Wednesday, October 29, 2008

Oh the Pressure!


I have just hung up the phone with the umptieth person who asked me what my kid is going to be for Halloween. I never knew that choosing your 2 year old's Halloween costume would be elevated in parental decision making hierarchy to the same level as whether or not to vaccinate. I was going to either make him a pillow case ghost or throw a bag over his head and write "Mommy had Surgery" but according to, well, everyone, that is just unacceptable. I am not crafty. I hate to shop. I don't like wandering around in the dark with a hyperactive 2 year old. I don't like for my kid to eat candy. I don't believe in ghosts or goblins and don't live in a neighborhood. Perhaps my aversion to Halloween is becoming more clear. Due to the fact that I shopped in an Eckerd three days before the actual event Nicky is going to be one of the two remaining costumes in his size. The funny thing is that I actually stood there and contemplated for a very long time between the two. Did I want my baby to be dressed up like a big furry dog? Cute? Certainly! Hot? Most likely. Annoying to him? Undoubtedly. But how many more years would I get the chance to dress him up in something precious and innocent without fake blood and flashing lights? He really does like dogs but I think he would be more comfortable in the little Harley biker outfit. He would have more mobility, nothing on his head, I could warm him up with an undershirt, the little net shirt with the fake tattoos is really cute....

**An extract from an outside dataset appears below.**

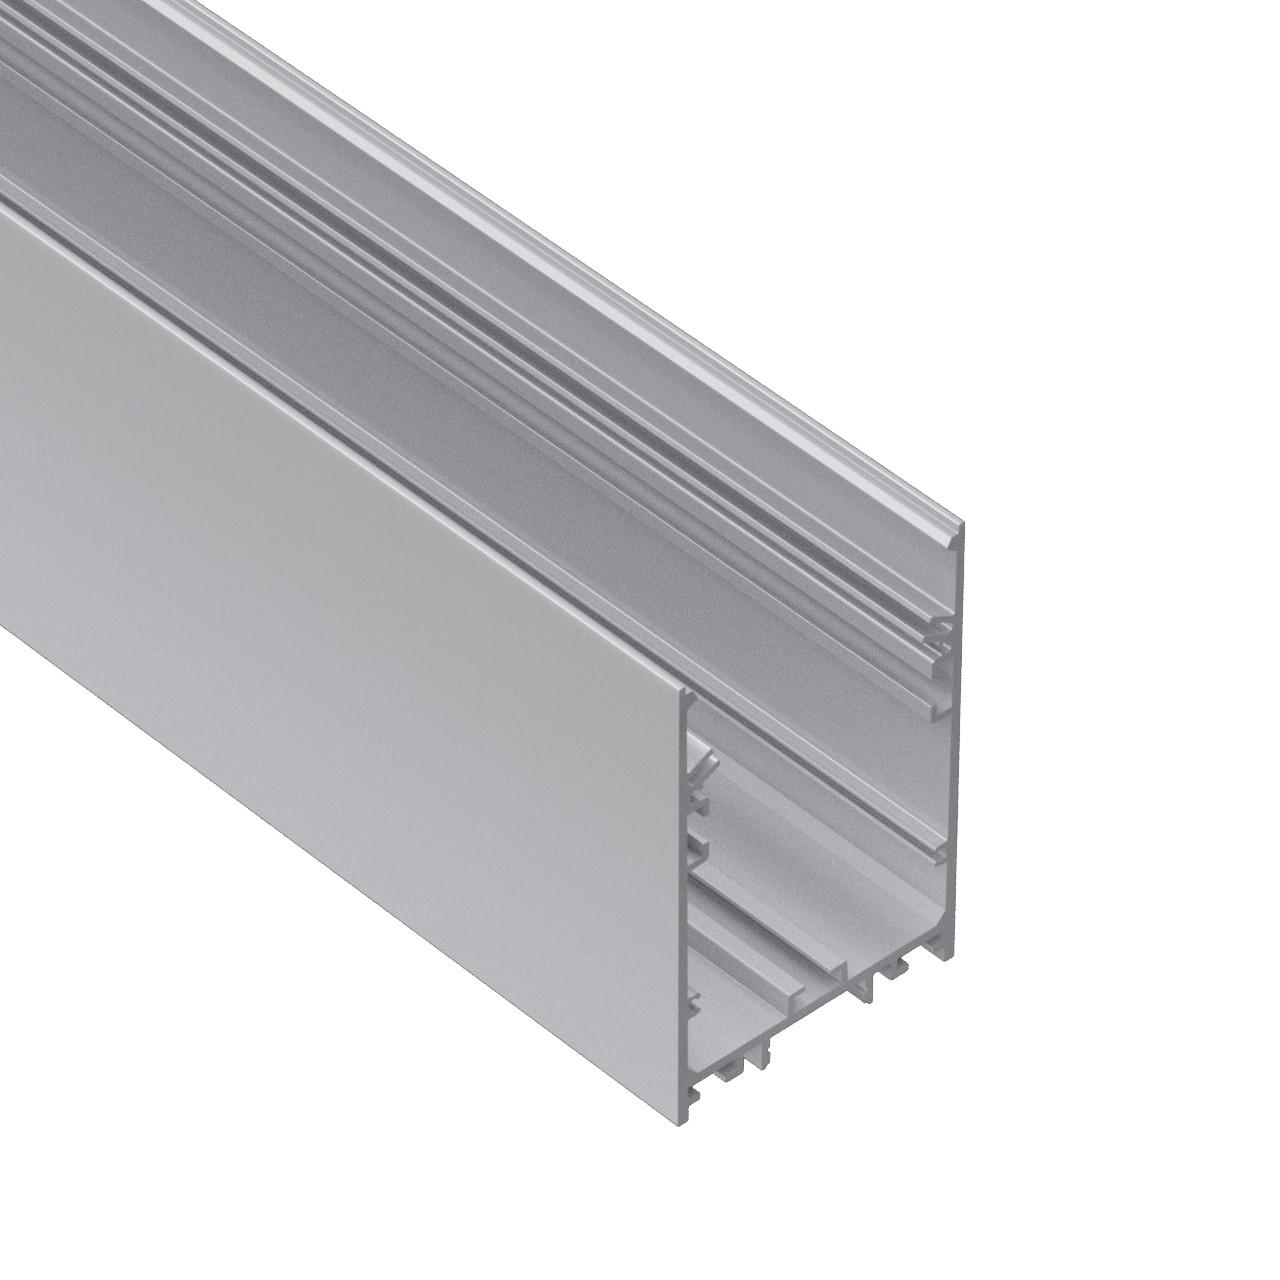 P60 Led Aluminum Profile

I swear, I put less thought into public vs. private school and I stood in the store laughing at myself for a good 10 minutes. It turns out that this IS the rest of my life, agonizing over every decision that concerns my son and trying to take every eventuality into account. Worrying over his comfort and happiness and taking every chance to keep him close to me while not stifling his independence. What pressure, what responsibility, and what fun!